[묘공단] 코딩테스트 스터디 6주차

이 글은 골든래빗 코딩 테스트 합격자 되기 파이썬 편의 10장 써머리입니다

집합과 상호배타적 집합의 개념

집합은 순서와 중복이 없는 원소들을 갖는 자료구조, Python에서는 간단하게 set()을 활용할 수 있다. 상호배타적 집합은 서로 다른 두 집합 사이에 공통 원소가 없는 경우를 말함

코딩 테스트에서 상호배타적 집합을 활용하는 가장 큰 이유는 그래프 알고리즘 중 사이클을 판별하기 위해서 활용. 그 외에는 아래와 같은 응용 사례들이 존재한다

이미지 분할
도로 네트워크 구성
최소 신장 트리 알고리즘 구현
게임 개발
클러스터링 작업

집합의 연산

집합의 표현은 앞서 배운 트리의 배열 표현과 거의 유사하게 구현할 수 있고, 대표적인 연산은 합치기와 탐색 (Union-Find)가 있음. 배열의 인덱스는 자기 자신, 그리고 그 인덱스에 해당하는 값은 부모 노드를 의미하고 만약 인덱스와 인덱스에 해당하는 부모 노드 값이 같다면 그것은 루트 노드를 의미한다. 보통 초기화 시 부모 노드는 자기 자신으로 설정하고 알고리즘이 진행되면서 채워지게 됨

# 인덱스와 인덱스에 해당하는 값이 같은 값을 가지도록 초기화
num_of_nodes = 5
disjoint_set = [x for x in range(num_of_nodes)]

유니온-파인드 알고리즘

파인드 연산은 특정 노드의 루트 노드가 무엇인지 탐색하는 방법이고, 만약 두 노드의 파인드 연산 결과가 같다면 동일한 루트 노드를 가진다는 의미로 볼 수 있다. 즉, 반대로 생각하면 사이클이 형성되는 지 여부도 파인드 연산의 결과 비교를 통해서 가능함

disjoint_set = [x for x in range(num_of_nodes)]
def find(node: int) -> int:
    if disjoint_set[node] != node:
        # 아래 호출을 통해서 경로 압축이 발생
        disjoint_set[node] = find(disjoint_set[node])
    return disjoint_set[node]

합치기 연산은 두 집합을 하나로 합치는 연산이고, 다시 말하면 두 집합의 루트 노드를 같게 하는 것. 루트 노드는 두 집합의 루트 노드 중 하나가 되면 되지만, 보통 rank 개념을 도입해서 처리를 한다. 아이디어는 rank가 낮은 집합의 루트 노드의 부모 노드를 rank가 큰 집합의 루트 노드로 변경. 만약 rank가 같다면 둘 중 하나를 root 노드로 갱신하고 rank 값도 1 증가

disjoint_set = [x for x in range(num_of_nodes)]
rank = [0] * num_of_nodes
def union(node1: int, node2: int) -> None:
    root_of_node1 = find(node1)
    root_of_node2 = find(node2)

    if rank[root_of_node1] < rank[root_of_node2]:
        disjoint_set[root_of_node1] = root_of_node2
    elif rank[root_of_node1] > rank[root_of_node2]:
        disjoint_set[root_of_node2] = root_of_node1
    else:
        disjoint_set[root_of_node2] = root_of_node1
        rank[root_of_node1] += 1

몸풀기 문제

간단한 유니온-파인드 알고리즘 구현하기

from typing import List, Union


def solution(k: int, operations: List[List[Union[int, str]]]) -> int:
    disjoint_set = [x for x in range(k)]

    def _union(node_index1: int, node_index2: int) -> None:
        root_index1 = _find(node_index1)
        root_index2 = _find(node_index2)

        if root_index1 < root_index2:
            disjoint_set[node_index2] = root_index1
        else:
            disjoint_set[node_index1] = root_index2

    def _find(node_index: int) -> int:
        if node_index == disjoint_set[node_index]:
            return node_index

        return _find(disjoint_set[node_index])

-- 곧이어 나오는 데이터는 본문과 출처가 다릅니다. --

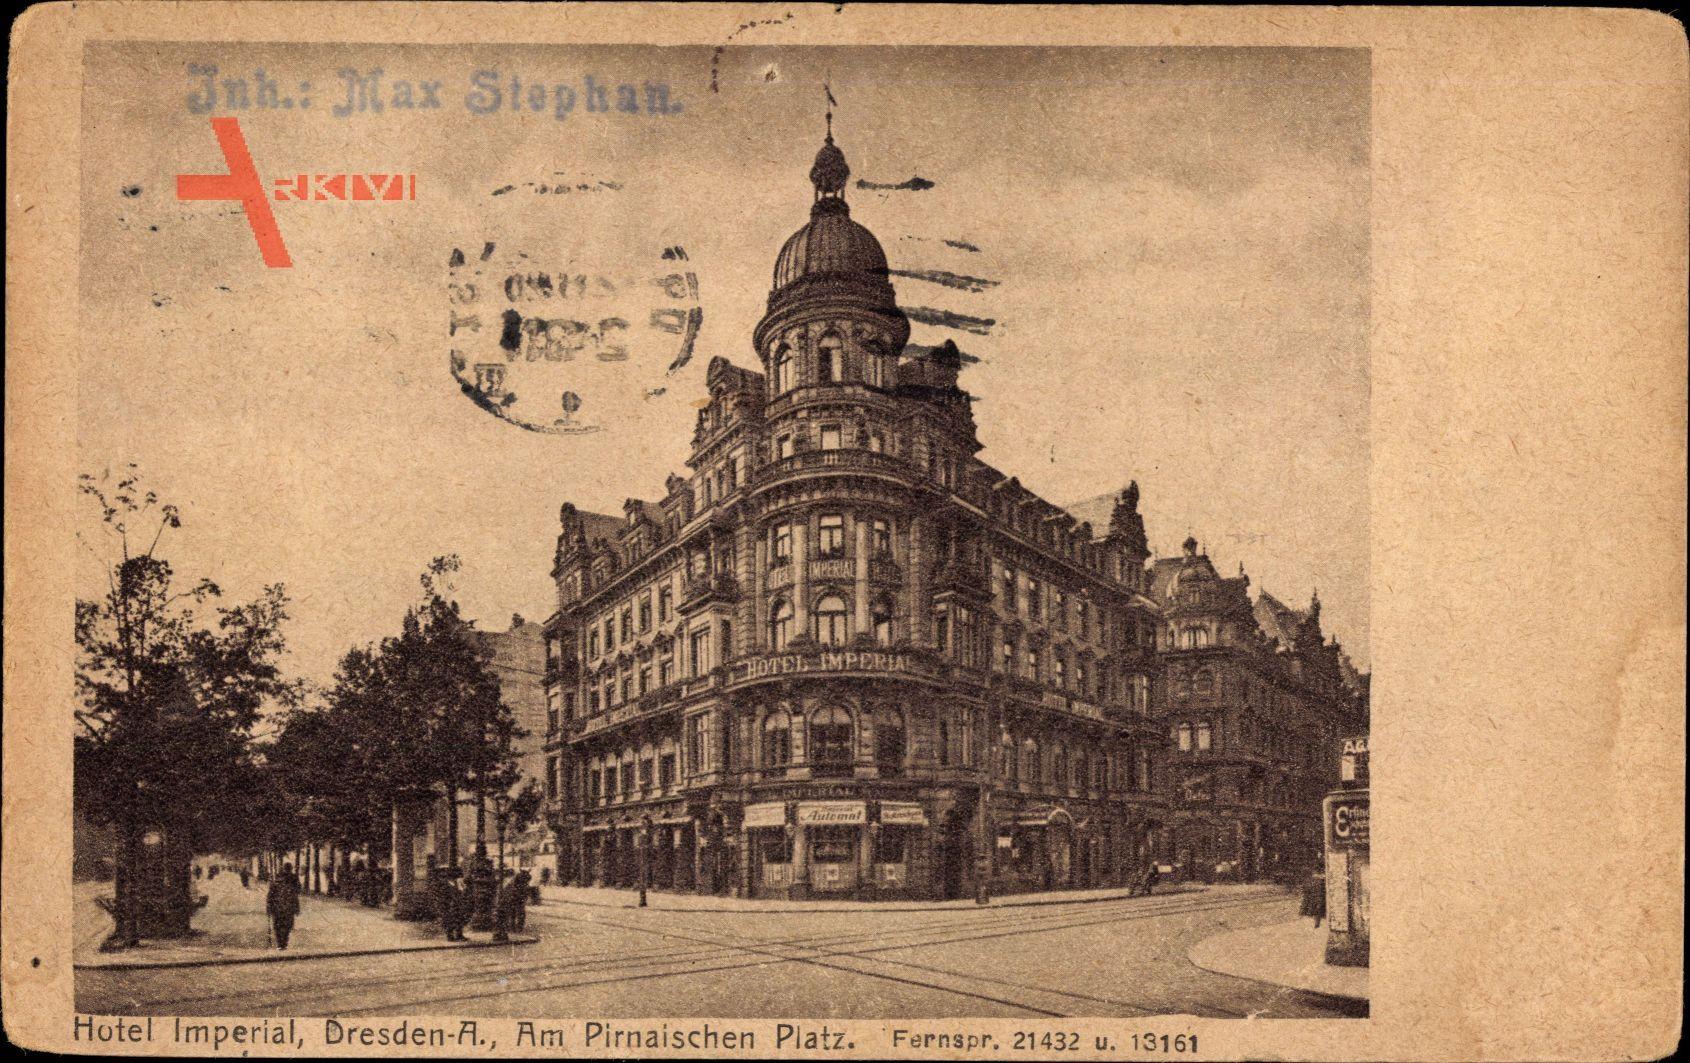 Dresden altstadt hotel imperial am pirnaischen platz for Dresden altstadt hotel
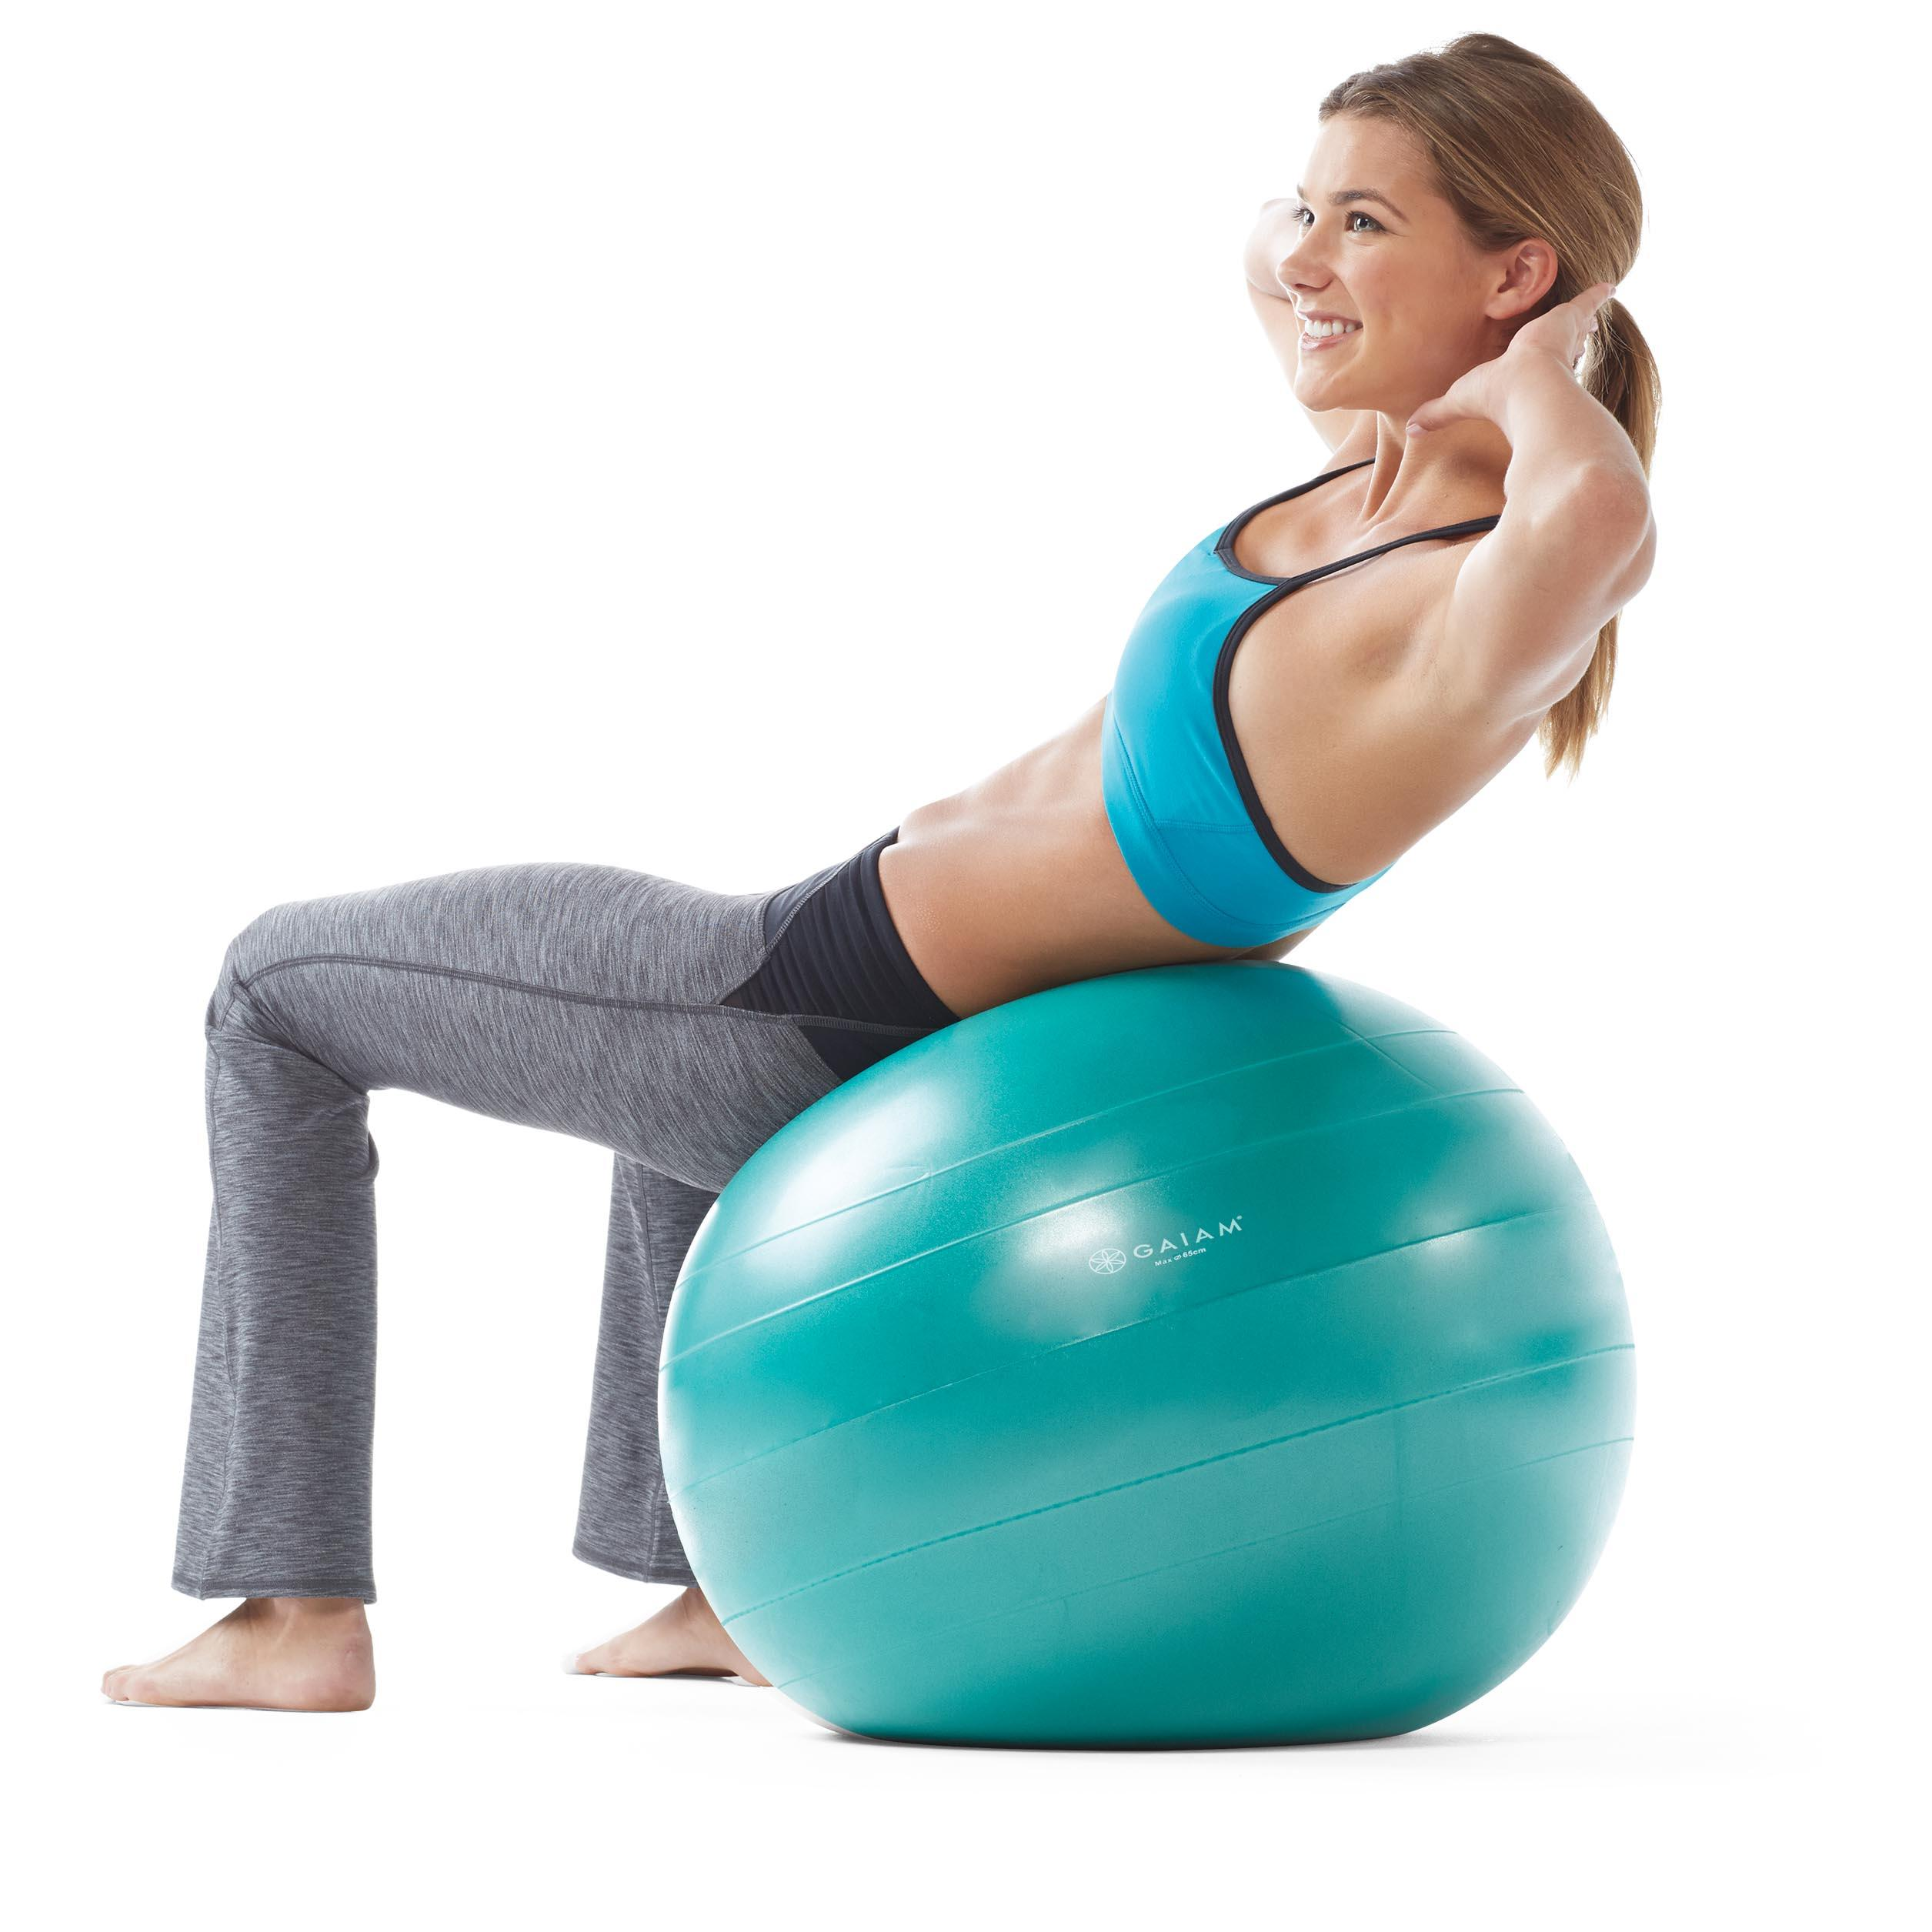 Balance Ball Dvd: Amazon.com : Gaiam Total Body Balance Ball Kit

    for operation in operations:
        if operation[0] == "u":
            _union(operation[1], operation[2])
        else:
            _find(operation[1])

    answer = 0
    for index, value in enumerate(disjoint_set):
        if index == value:
            answer += 1
    return answer


assert solution(3, [["u", 0, 1], ["u", 1, 2], ["f", 2]]) == 1
assert solution(4, [["u", 0, 1], ["u", 2, 3], ["f", 0]]) == 2

모의 테스트

폰켓몬

문제의 조건을 잘 이해해야 하는 문제.
우선 우리가 최대로 가질 수 있는 폰켓몬 수는 len(nums) // 2 이다
운이 좋다면 저 개수만큼 모두 서로 다른 종류일 수 있지만,
그렇지 않을 수 있으므로 서로 다른 폰켓몬 수를 계산한다 len(set(nums))
정답은 두 값 중 작은 값이 정답이 된다

from typing import List


def solution(nums: List[int]) -> int:
    possible_num_of_choices = len(nums) // 2
    return min(len(set(nums)), possible_num_of_choices)

영어 끝말잇기

마찬가지로 구현 문제에 가깝고, set 자료구조를 통해서 이미 사용된 단어인지 확인을 위해서 이번 챕터에 들어온 것으로 보인다
문제 요구사항대로 이전 단어의 마지막 단어가 현재 단어의 첫 단어와 맞지 않거나, 이미 사용된 단어를 쓰는 경우
index와 n 입력값을 통해 현재 몇 번째 라운드에서 몇 번째 참가자가 오답을 냈는지 쉽게 계산할 수 있다
그 외의 경우 기본 값인 [0, 0]을 반환하면 되는 문제

from itertools import islice
from typing import List


def solution(n: int, words: List[str]) -> List[int]:
    answer = [0, 0]
    used_words = {words[0]}
    previous_word = words[0]

    for index, word in islice(enumerate(words), 1, None):
        if previous_word[-1] != word[0] or word in used_words:
            return [index % n + 1, index // n + 1]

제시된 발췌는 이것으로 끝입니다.